JAMES T. BUCHANAN
Wehr Professor

B.A. 1976, Colorado College
Ph.D. 1981, Washington University
Postdoctoral Fellow, Colorado State University and Karolinska Institute (Sweden)

WLS B02
(414) 288-1482
email: james.buchanan@marquette.edu

Neurobiology of Locomotion

This laboratory is concerned with understanding the principles governing the operation of neuronal networks. The network of interest is that generating swimming in the spinal cord of the lamprey, a primitive vertebrate fish. The lamprey spinal cord is advantageous for network studies because of its relative simplicity and its ability to survive for several days in vitro. The isolated, living spinal cord exhibits the neuronal correlate of swimming, and individual nerve cells can be observed and studied with a variety of electrophysiological, pharmacological, and anatomical techniques. The lamprey brainstem and spinal cord provide a model system for the study of the vertebrate central nervous system and the rules of operation of basic neural networks.
 
The activity of neuronal networks depends on interactions among several levels of organization: 1) the network level: the pattern of synaptic connections among the neurons, 2) the synaptic level: the sign, the strength, and the temporal and dynamic properties of the synaptic connections, and 3) the cellular level: the membrane properties that affect how the neurons respond to synaptic inputs. In addition to studying the basic rhythm generating mechanisms at these three levels, we are also investigating how the locomotor network is controlled by the brain, how the spinal cord informs the brain of locomotor activity, and how various neuromodulatory substances alter the properties and patterns of the locomotor network.
 
Selected References  
Buchanan, J.T. 2001. Contributions of identifiable neurons and neuron classes to lamprey vertebrate neurobiology. Prog. Neurobiol. 63:441-466.
 
Einum, J.F. and Buchanan, J.T. 2004. Reticulospinal neurons receive direct spinobulbar inputs during locomotor activity in lamprey. J. Neurophysiol. 92: 1384-1390.

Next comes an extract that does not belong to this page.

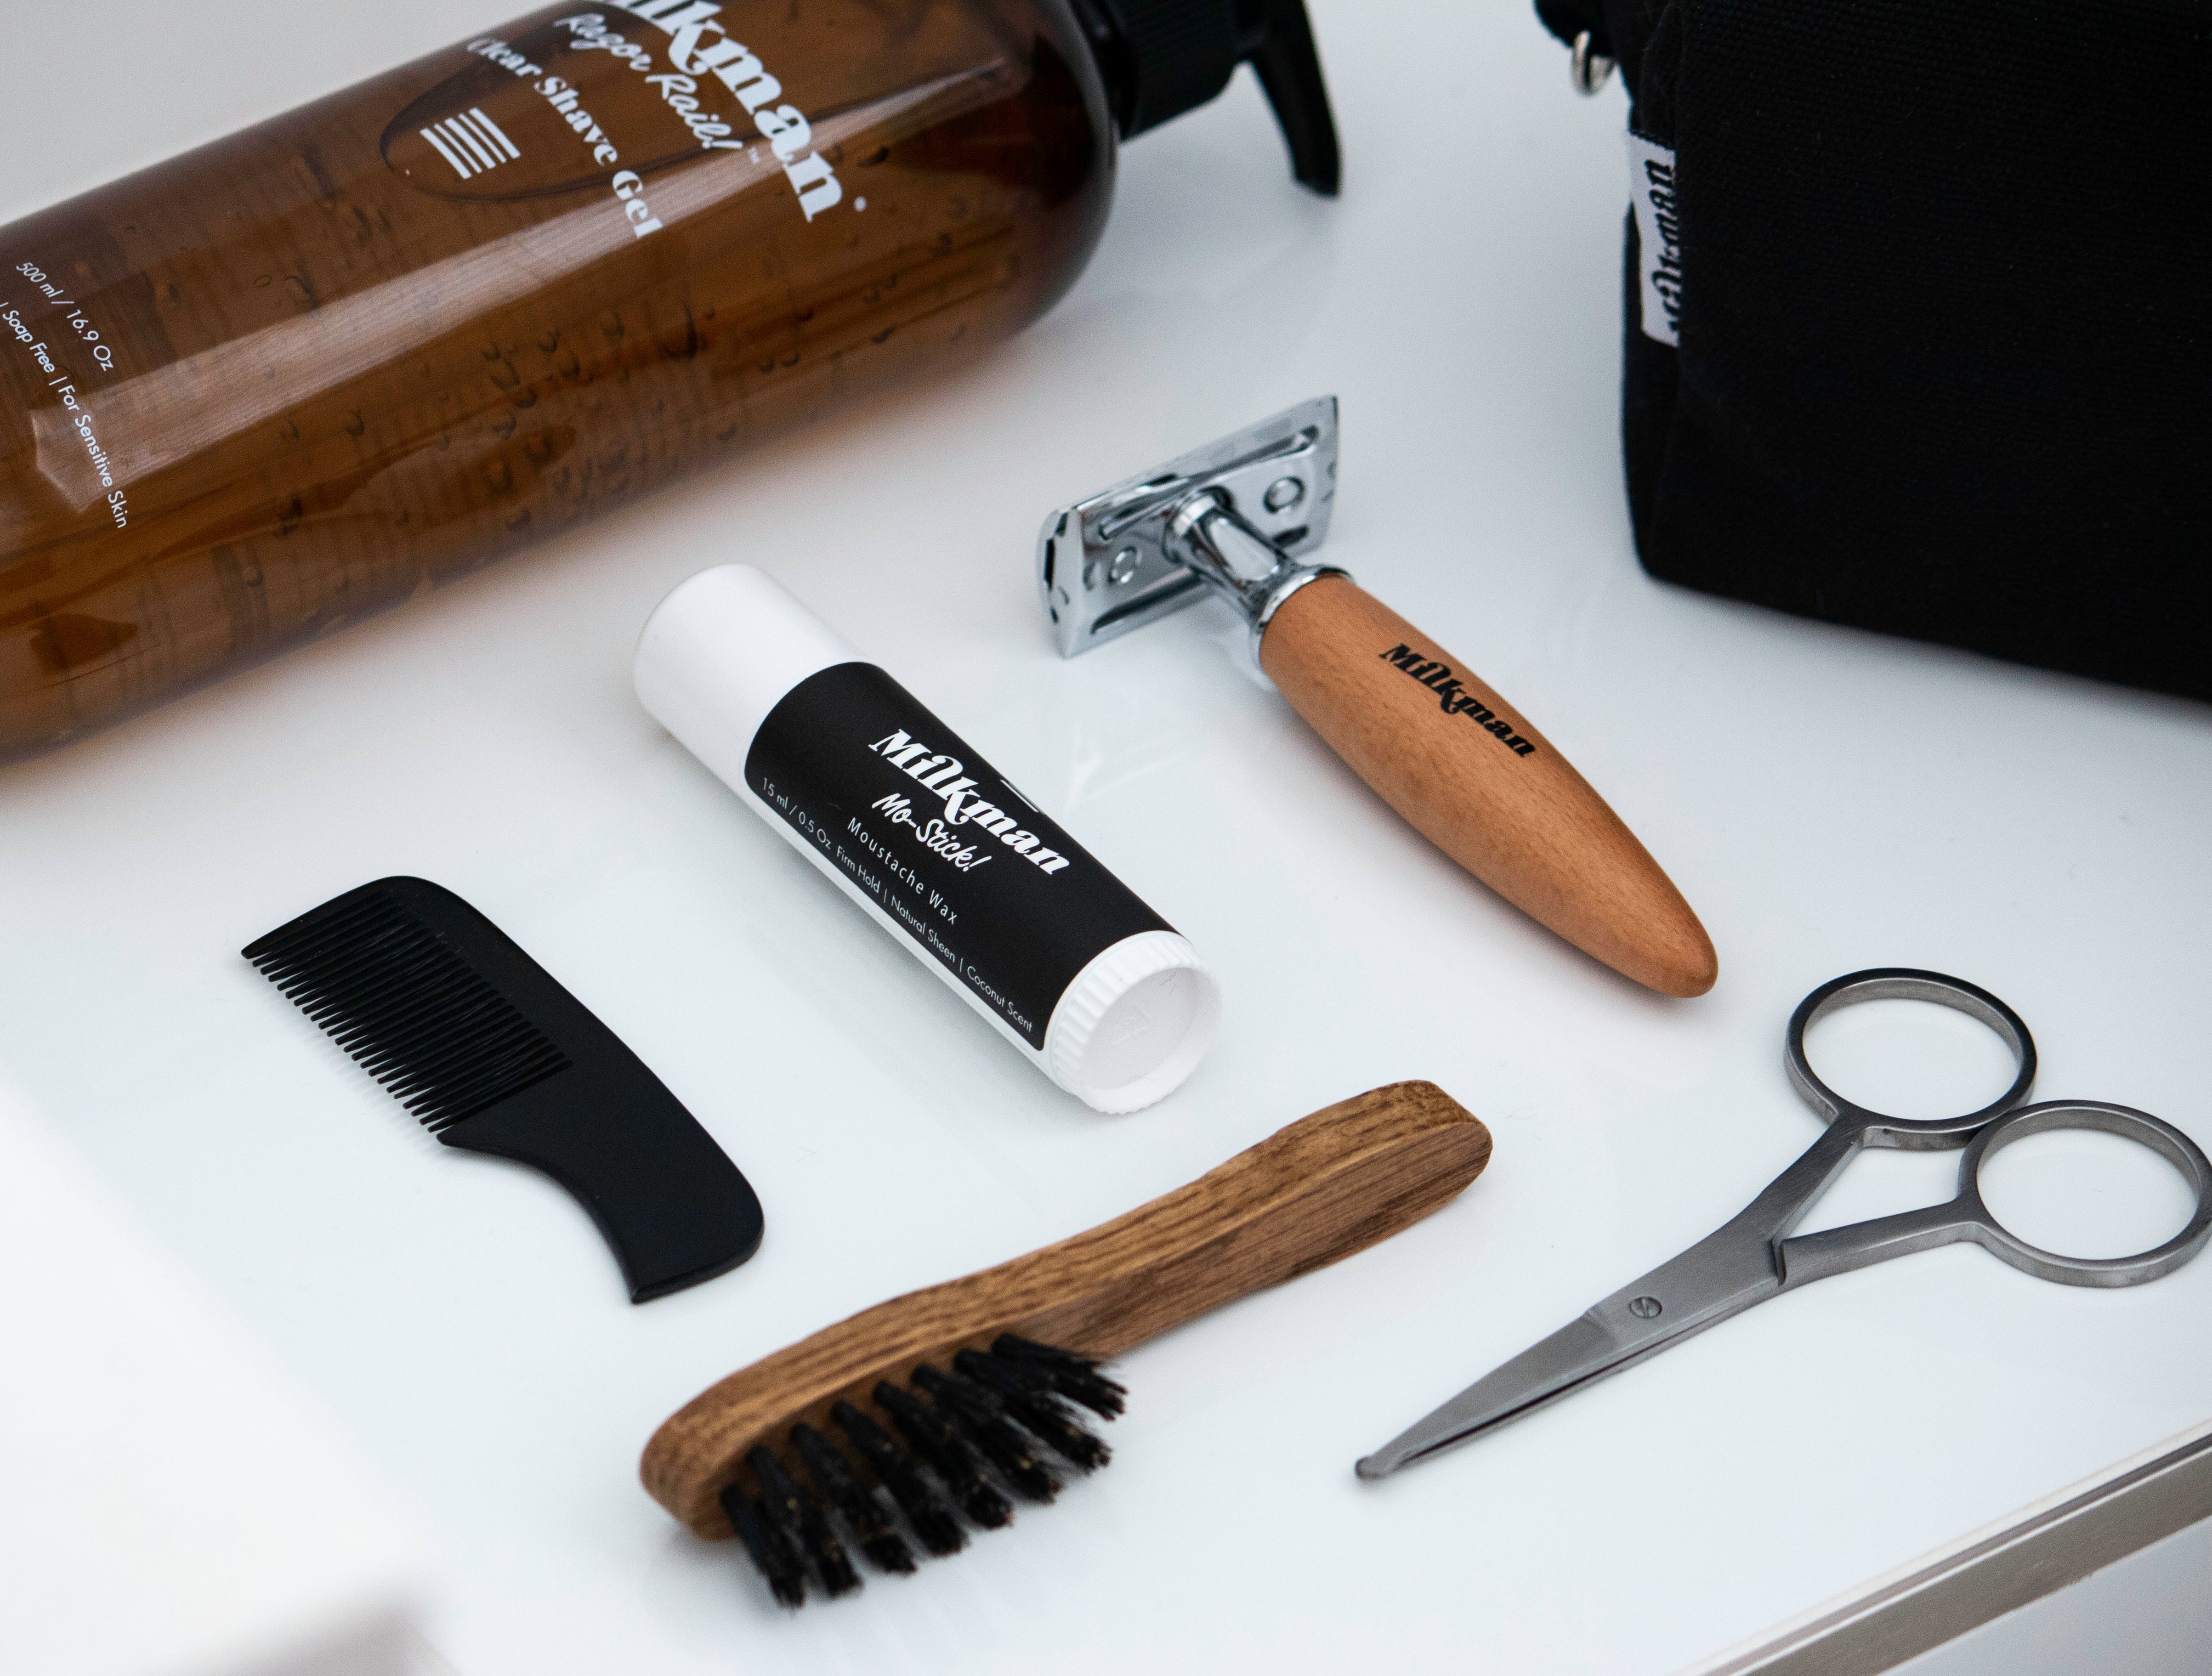 milkman moustache styling tools including moustache wax

Quinlan, K.A., Placas, P.G., and Buchanan, J.T. 2004. Cholinergic modulation of the locomotor network in the lamprey spinal cord. J. Neurophysiol. 92: 1536-1548.

Einum, J.F. and Buchanan J.T. 2005. Membrane potential oscillations in reticulospinal and spinobulbar neurons during locomotor activity. J. Neurophysiol. 94: 273-281.

Einum, J.F. and Buchanan, J.T. 2006. Spinobulbar neurons in lamprey: Cellular properties and synaptic interactions. J. Neurophysiol. 96: 2042-2055.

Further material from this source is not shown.